Однако отдых под крышей, более спокойный, чем обычно, вернул мне наутро больше здоровья и сил, чем за все время после рокового кораблекрушения. Среди запасов, обнаруженных мною накануне вечером, оказался изюм; он подкрепил мои силы; я покинул свой ночлег и направился в сторону города, который виднелся вдали. Насколько я мог судить, это был Форли383. Я с удовольствием прошел по его широким, поросшим травой улицам. Здесь также все было пустынно и заброшено, но мне нравилось находиться там, где прежде обитали мне подобные; нравилось проходить одну улицу за другой, смотреть на высокие дома и повторять себе, что здесь некогда жили люди, такие же как я, что не всегда я был тем несчастным, каким являлся теперь. Обширная городская площадь и окружавшая ее красивая, легкая аркада порадовали мой взор; мне нравилось думать, что, если земля будет когда-нибудь вновь заселена, памятники, оставшиеся после нас, погибших, не уронят нас в глазах новых пришельцев.

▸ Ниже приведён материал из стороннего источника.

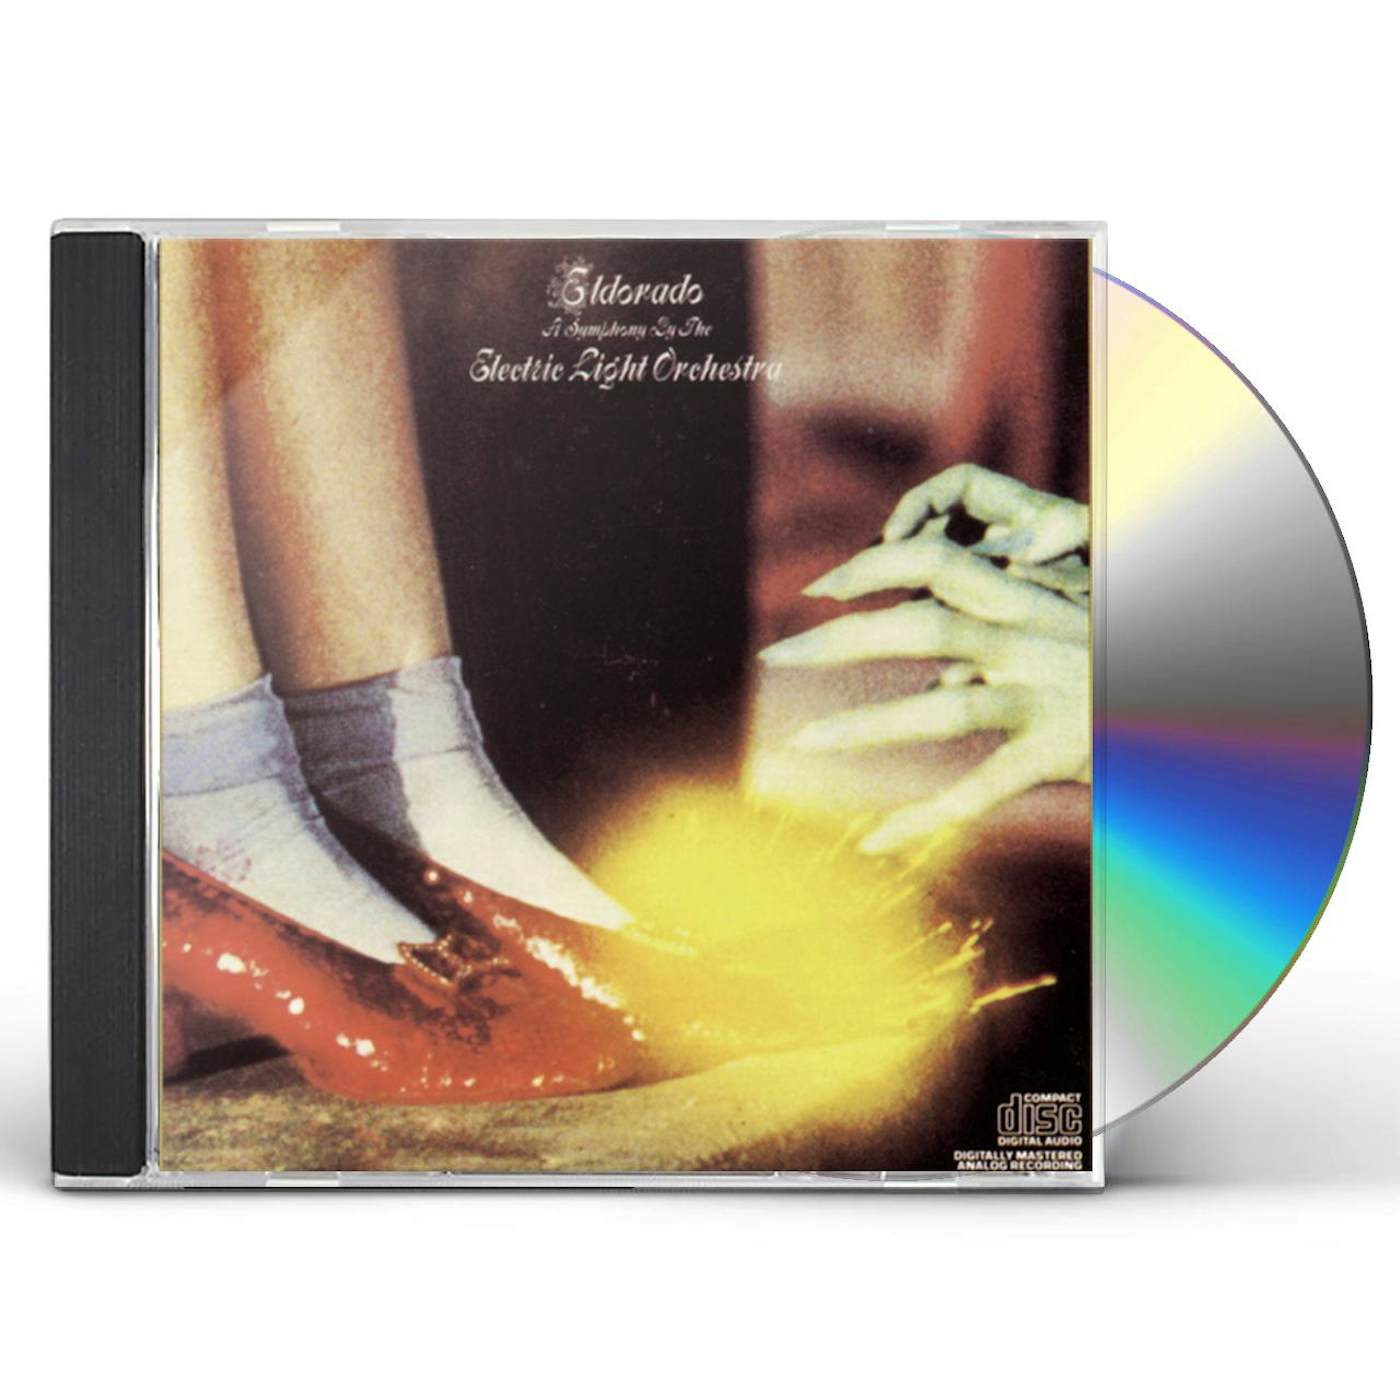 ELO (Electric Light Orchestra) ELDORADO CD

Я вошел в один из палаццо, открыл дверь великолепного зала и вздрогнул, вглядываясь. Что за грязный, полуголый дикарь стоял передо мной? Удивление длилось лишь один миг.
Я понял, что вижу собственное отражение в большом зеркале на другом конце зала. Неудивительно, что возлюбленный принцессы Айдрис не узнал себя в жалком существе, которое перед ним предстало. Моя изорванная одежда была той же самой, в какой я выполз, полуживой, на берег бушевавшего моря. Длинные, спутанные волосы свисали по сторонам лица; сквозь них сверкали темные, глубоко запавшие глаза; щеки были желты (ибо пережитые лишения вызвали у меня желтуху) и наполовину скрыты отросшей за много дней бородой.
Но почему бы мне не оставаться таким, подумал я; человечество погибло, и эти лохмотья более подобают для траура по нему, чем фатовской черный сюртук. Таким я, вероятно, и остался бы, если бы надежда, без которой, думается, не может жить человек, не шептала мне, что в таком виде я внушу страх и отвращение тому существу, которое я все еще не отчаялся найти живым. Посмеются ли мои читатели над тщеславием, побудившим меня старательно приодеться для встречи с этим призрачным существом? Или простят причуду полубезумна? Сам я легко себя прощаю – ибо надежда, даже самая смутная, была столь дорога мне, а приятные ощущения столь редки, что я готов был браться за все, что питало эту надежду или доставляло приятность моему изболевшемуся сердцу.
Выполнив это, я посетил каждую улицу и каждый закоулок Форли, Города Италии выглядели еще ужаснее в своем безлюдье, чем города Англии или Франции. Чума пришла туда раньше и закончила свое дело гораздо скорее, нежели у нас. Вероятно, уже прошлым летом на всем пути от побережья Калабрии384 до северных отрогов Альп в живых не осталось никого. Мои поиски были тщетными, однако я не отчаивался. Думается, что разум все же оставался на моей стороне и не столь уж ничтожны были шансы, что где-то в Италии среди безлюдья, подобно мне, уцелел человек. Бродя по пустому городу, я составил себе план действий. Я направлюсь в Рим. Удостоверившись путем тщательных поисков, что в городах на моем пути нет никого, я в каждом из них оставлю на видном месте надпись, сделанную белой краской, на трех языках, и надпись эта будет гласить, что «Вернэ, последний англичанин, избрал для жительства Рим».
Выполняя это намерение, я зашел в мастерскую художника и запасся краской. Удивительно, что это пустячное занятие утешило и даже оживило меня. Но горе делает нас ребячливыми, а отчаяние рождает фантазии. К простым словам надписи я добавил только призыв: «Друг! Приди, я жду тебя! – Vieni! ti aspetto!»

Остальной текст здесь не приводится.